Lo que al principio era indignación, acabó por ser un sentimiento honesto y sincero de cagarme en la madre, padre y demás familiares de los fotografiadores empedernidos, vivos o difuntos. Llegas al quinto piso y allí están los Van Gogh. Algunos, sufriendo en silencio el envite de La noche estrellada. Este cuadro se ha convertido el reclamo indiscutible de las masas en el MoMA. Espero mi turno pacientemente para acercarme, consciente de que poca conversación es posible entre el cuadro y su espectador con tantas interferencias. Repito lo dicho: no veo a nadie mirando el cuadro, sino a personas fotografiando el cuadro y volviéndose a la cámara del móvil para, con cara de gilipollas, sonreír con gesto impostado como diciendo: “Sí, amigos seguidores de las redes sociales (sí, colegas de grupos de WhatsApp), estoy aquí, delante de esto que me dicen que es famoso”. En el momento en el que me encuentro cerca de la primera fila, a punto de llegar, un padre con dos niñas pequeñas se cuela e invade el espacio de todos los demás.
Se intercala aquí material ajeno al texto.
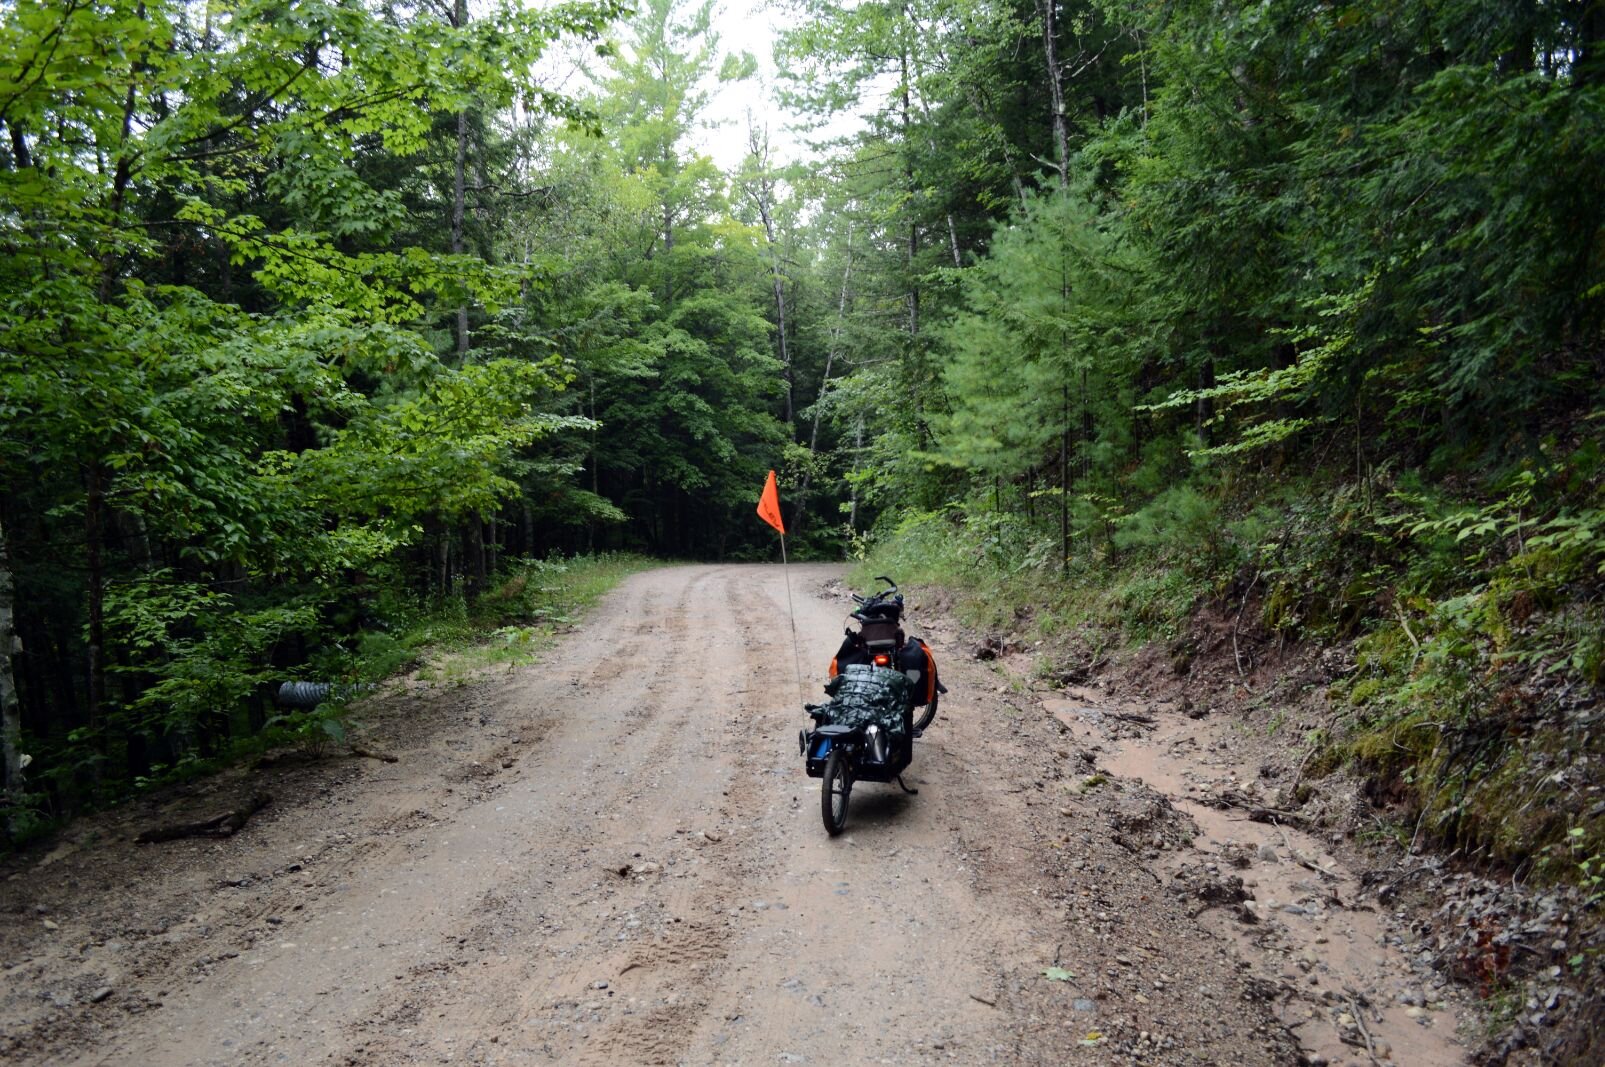 Climbing yet another dirt road hill. The Upper River Road, headed to Mesick via scenic route/

Da la espalda al cuadro, sitúa a sus hijas estratégicamente en el encuadre y hace un selfi. Luego otro. Y otro. Y otro. Y otro más. Cuando parece haber acabado, cambia de sitio a las niñas y vuelve a la carga con otro. Y otro. Y otro. Quizás llegó a hacer otros cinco más. En el cabreo monumental que llegó cuando mi habitual prudencia me abandonó para decirle al pavo cuatro cosas, solo encontré a una persona más desesperada que yo: la encargada de la sala, situada a la izquierda del cuadro, que me miraba y, sin palabras, parecía decirme todo. Y allí dejé al cuadro, ahogado en su propia popularidad. Menos mal que, poco después, disfruté de mi querido Mondrian relativamente tranquilo. Nunca me defrauda.

La imagen pertenece a mi galería de Flickr (lo que me suele divertir en los museos últimamente es hacer fotos a los que hacen fotos).